### [Exercise objective]
Leave out every picture and set down, exactly, the lines below from the one holding "Euston square" up to and including the one holding "Four Seasons resort".

═══ Entries provided

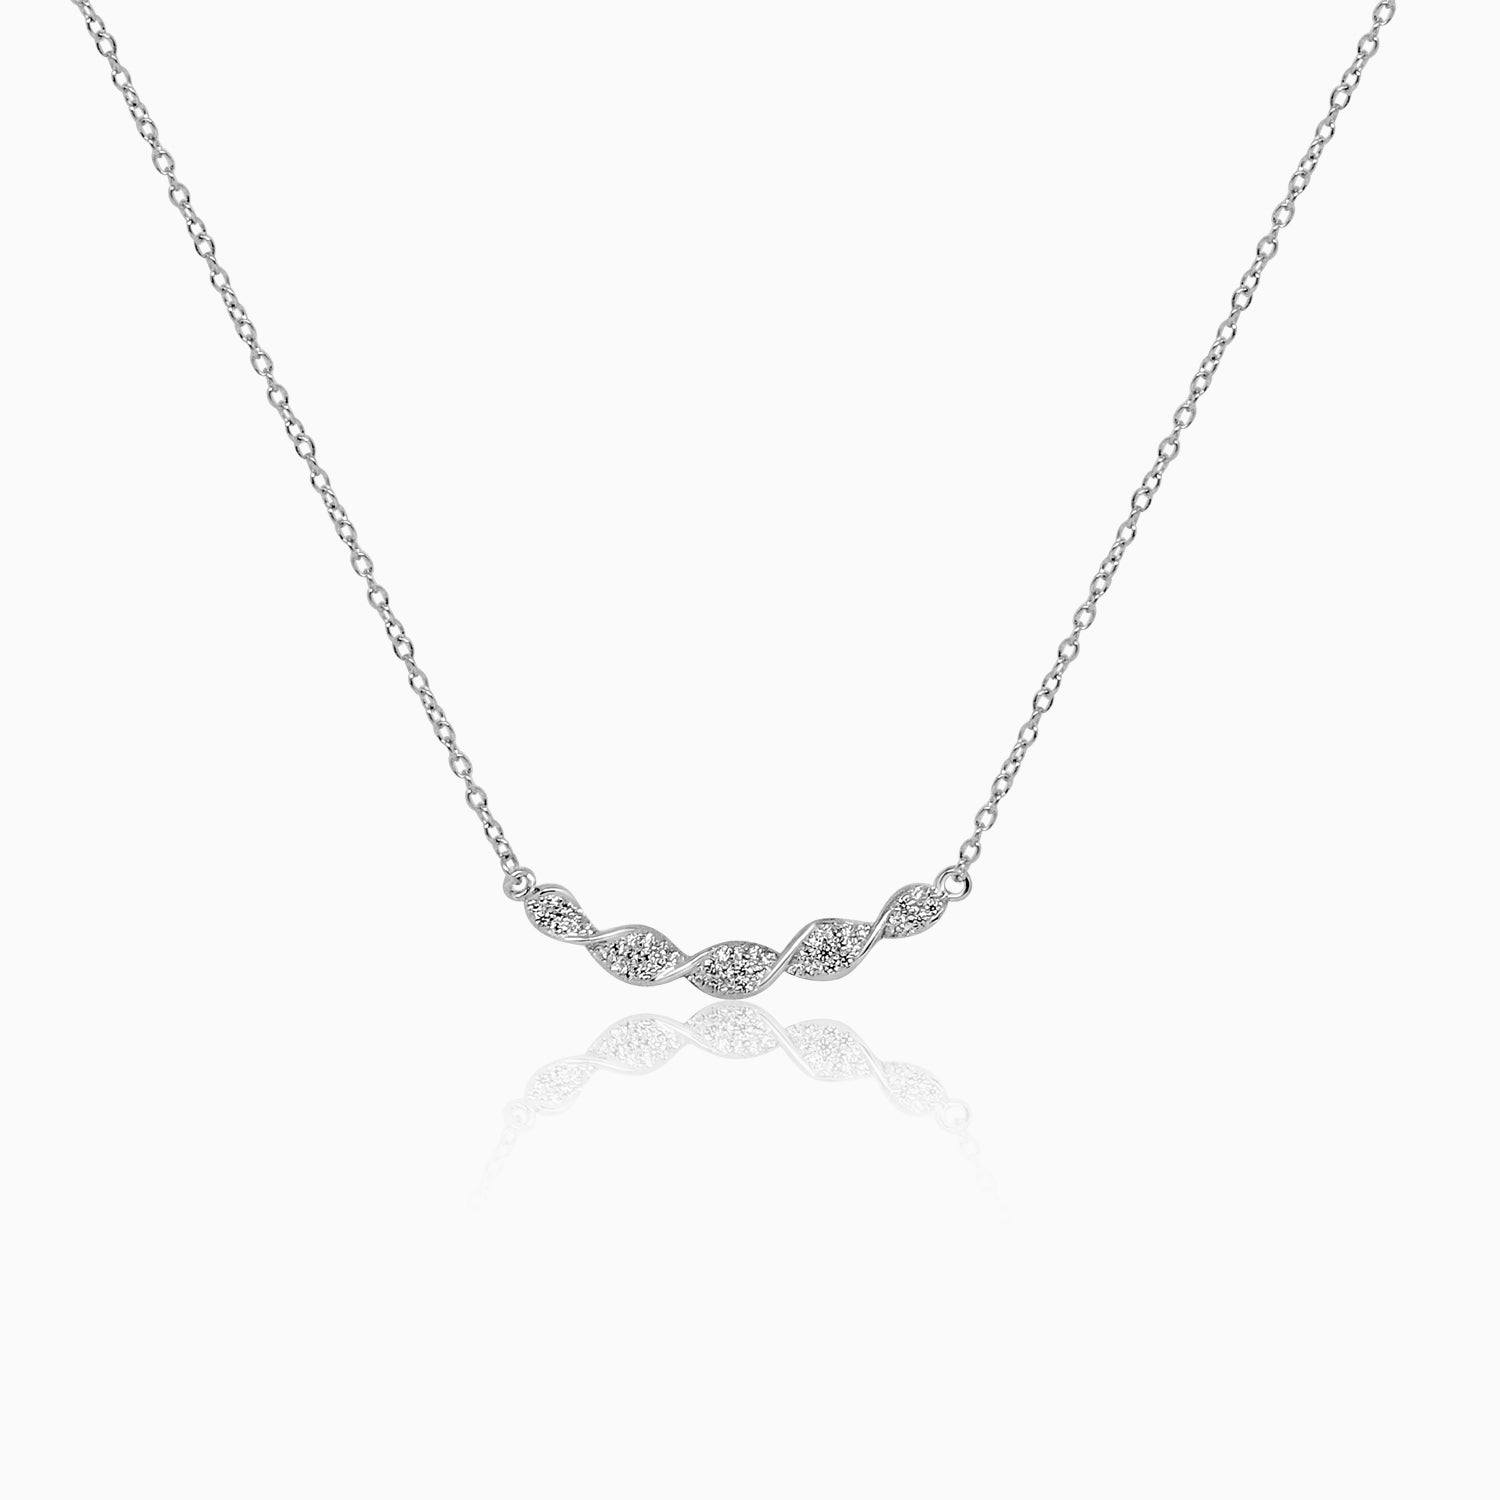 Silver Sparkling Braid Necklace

══════
═══ Entries provided

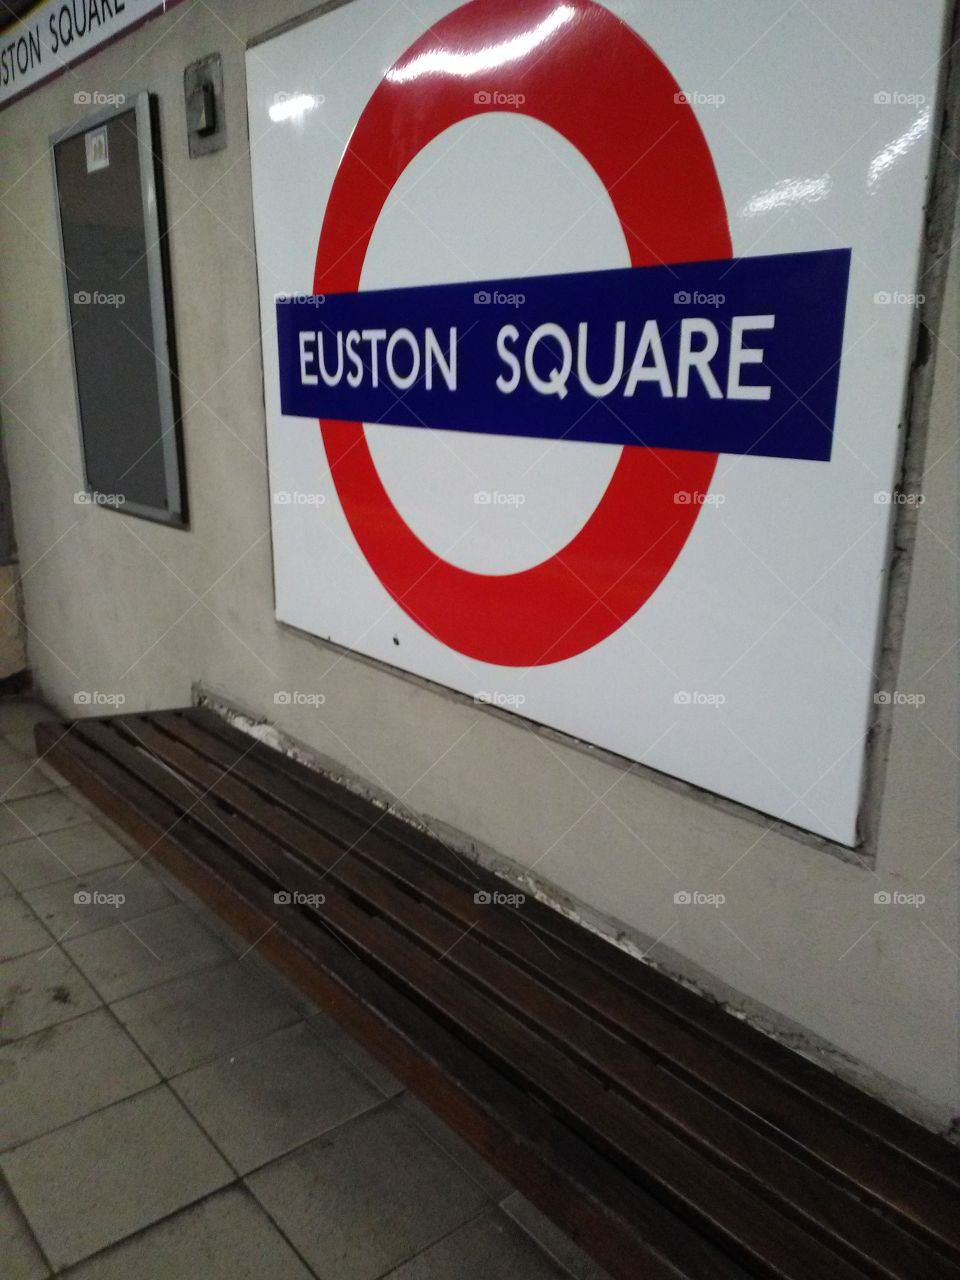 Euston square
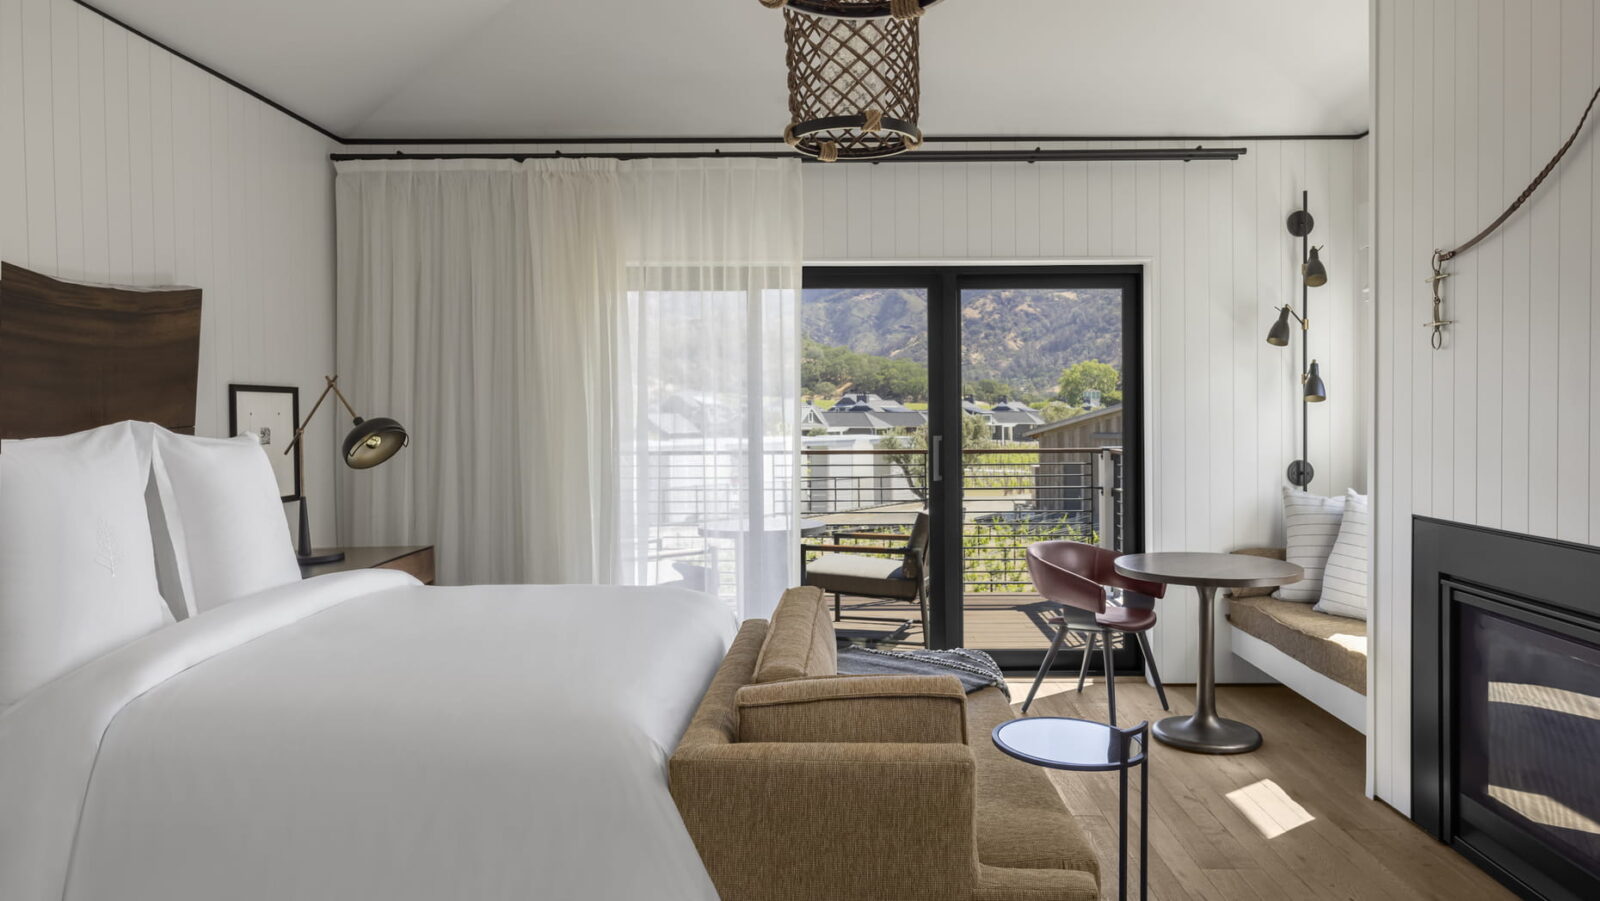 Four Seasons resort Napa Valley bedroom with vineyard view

══════
═══ Entries provided

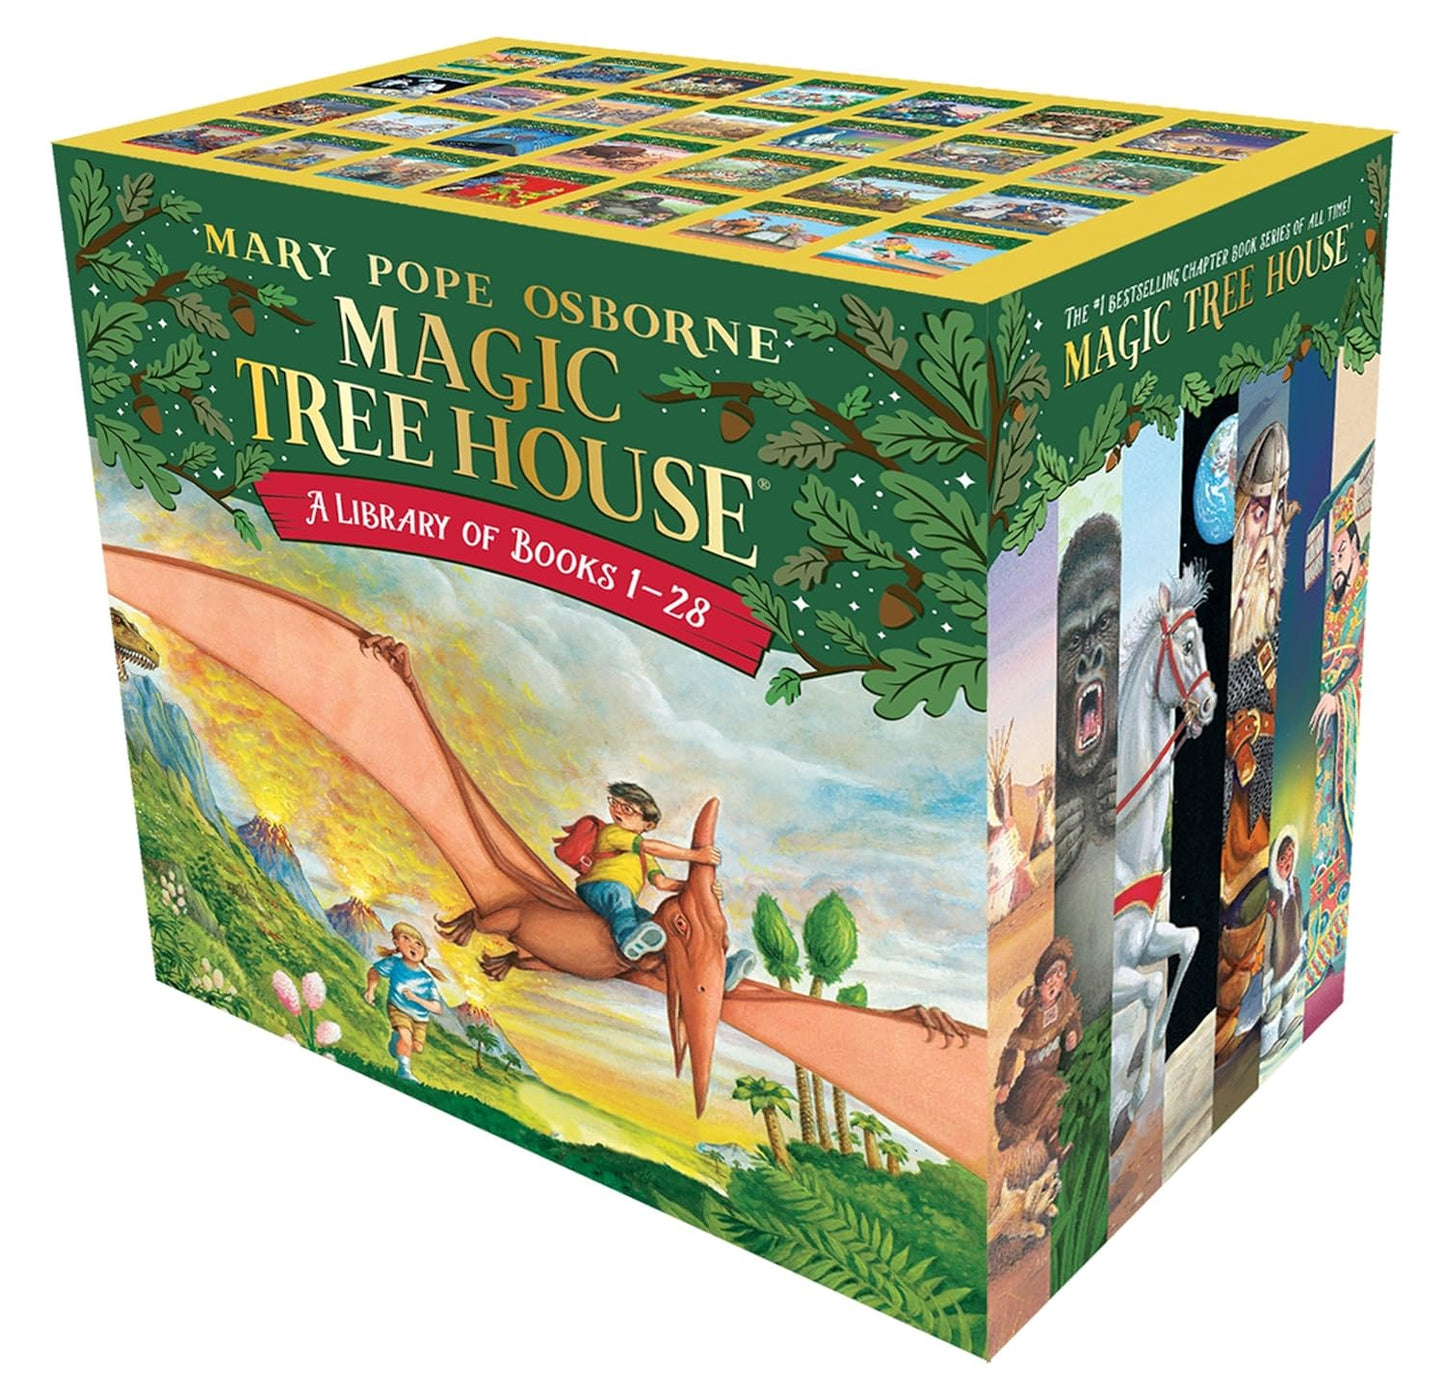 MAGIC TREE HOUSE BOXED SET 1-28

══════

### [Solution]
 Euston square
 Four Seasons resort Napa Valley bedroom with vineyard view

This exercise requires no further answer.